You local code enforcement agency or bldg. dept should be willing to tell you over a phone call.


----------



## roof dude (Dec 18, 2021)

Terryb81 said:


> We recently had a new house built. The roof has been on for about 1 year. When I was cleaning the gutters I noticed the shingles on the gable end had lifted and there was exposed OSB sheathing. I contacted the builder and they had the roofing company that installed it come out and they used some kind of tar caulk to hold them down. It took the 15 minutes. To me it looks like the sheathing is possibly warped. I know little about roofing and was hoping to get some opinions.. The builder says that the repair was to industry standards but I question that. Any input would be greatly appreciated. Thanks.





Terryb81 said:


> We recently had a new house built. The roof has been on for about 1 year. When I was cleaning the gutters I noticed the shingles on the gable end had lifted and there was exposed OSB sheathing. I contacted the builder and they had the roofing company that installed it come out and they used some kind of tar caulk to hold them down. It took the 15 minutes. To me it looks like the sheathing is possibly warped. I know little about roofing and was hoping to get some opinions.. The builder says that the repair was to industry standards but I question that. Any input would be greatly appreciated. Thanks.


----------



## roof dude (Dec 18, 2021)

the eave dripedge is holding up the shingles and it looks like homemade stuff anyway.It should have dripedge all the way @ the edge but its probley too late now because the shingles look to be cut too short..could cause edge of osb to rot w time.


----------



## RooferE (Jan 10, 2022)

The sheathing may need to be hammered down, sometimes it doesn't get nailed down all the way. I would take a wooden block, put it on the shingles, and the hammer on the wood block to push the deck down without damaging the shingles and see if it goes down any. Also adding metal drip edge would be good too. As long as you don't use d-style drip edge but rather a regular 90 degree bend I think you will probably still have enough overhang. It wouldn't be hard for the builders to add drip edge either if they face nail it with metal fascia nails.


----------



## bambisagucio (8 mo ago)

I remember having a similar problem at my house. I soon found out that the company that came to repair it cheaped out and didn’t run drip edged up the rakes too. I found out about it the hard way. When I was selling my house, the company buying it (thepropertybuyingcompany.co.uk) told me about the issue. The good part is that they just informed me about it and didn’t affect our deal. In conclusion, make sure to fix it properly and better spend a little more now than have the same problem over and over again.


----------



## stle (Aug 25, 2021)

Look under your municipality website on the code documents and look under the International Residential Code year that they adopted. Look for R905.2.8.5, so chapter 9. It will tell you the code requirement they have adopted. The fascia has a bend at the top called a drip ledge. In most municipalities around here, you do not have to have an actual commercial drip edge if there is a 1" drip ledge built into the fascia. If it is less than 1" it can not be used as an exception. This is how it will most likely be worded.

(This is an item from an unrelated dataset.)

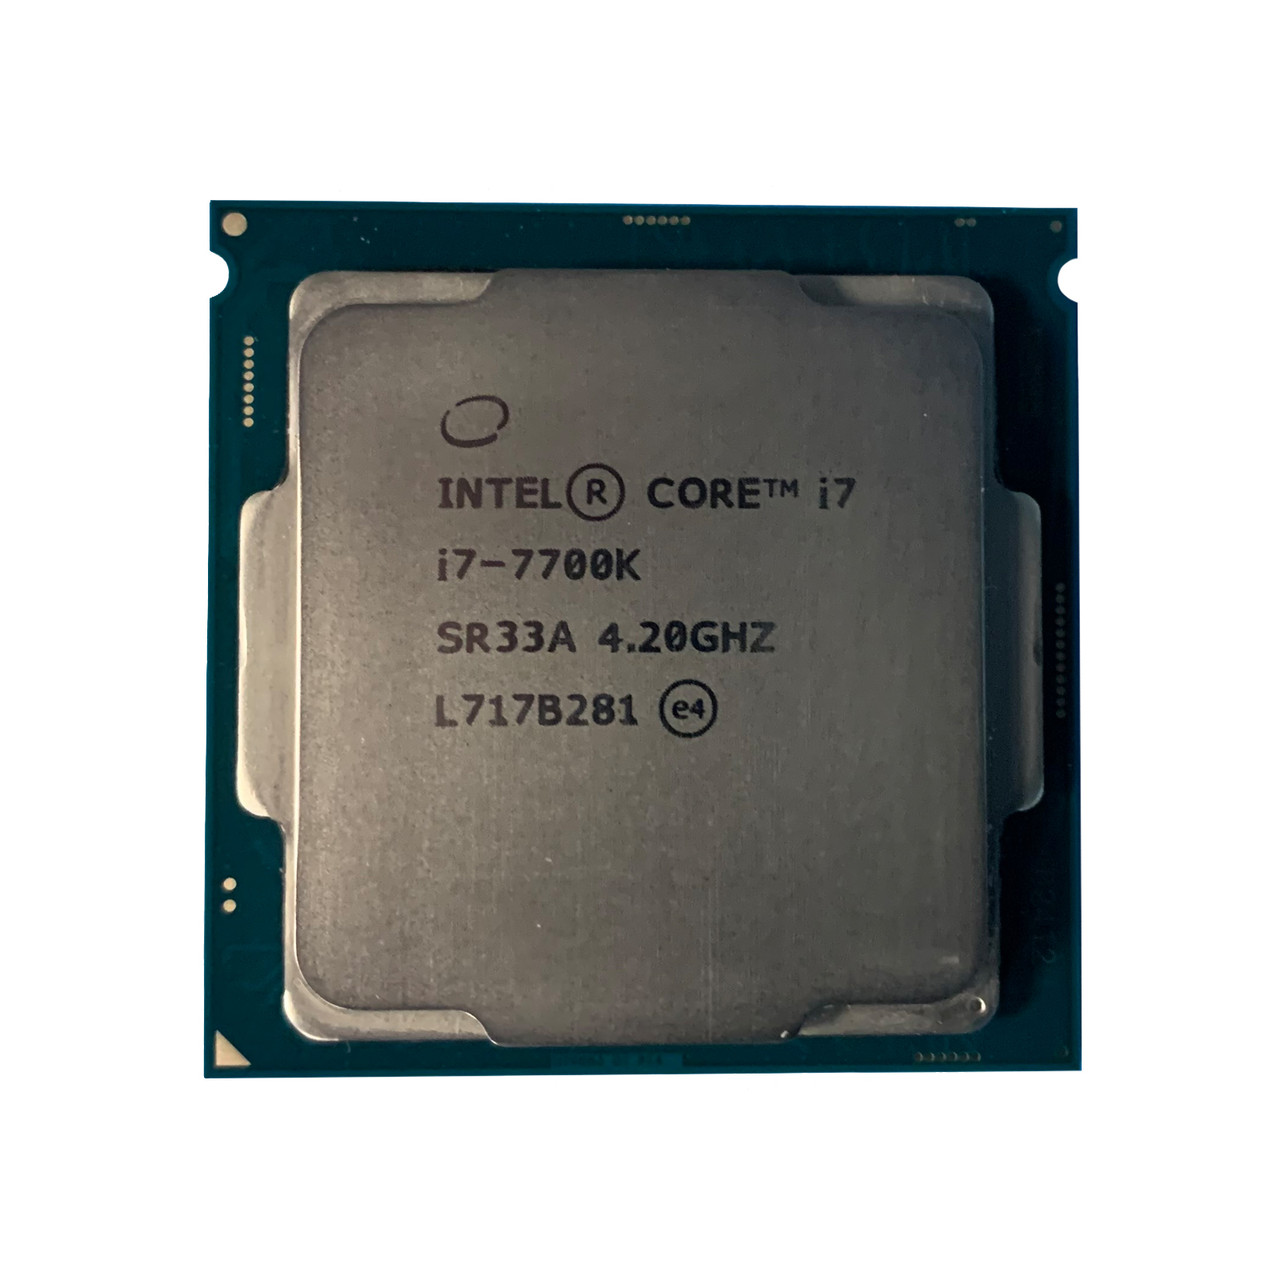 Dell G0X16 | Intel i7-7700K QC 4.20Ghz 8MB 8GTs Processor

R905.2.8.5 Drip Edge. A drip edge shall be provided at eaves and rake edges of shingle roofs. Adjacent segments of drip edge shall be overlapped not less than 2 inches. Drip edges shall extend not less than 1/4 inch below the roof sheathing and extend up back onto the roof deck not less than 2 inches. Drip edges shall be mechanically fastened to the roof deck at not more than 12 inches o.c. with fasteners as specified in Section R905.2.5 Underlayment shall be installed over the drip edge along eaves and under the underlayment along rake edges.

Exception: Unless drip edge specifically is required by the Manufacturer's installation instructions of the roofing, metal wrapped fascia extending 1 inch under the roof covering with the underlayment installed over it shall be deemed to meet the requirements of this section.


----------



## MaritLage (8 mo ago)

Wow , what an exceptionally well-researched response . This place is a really valuable resource .


----------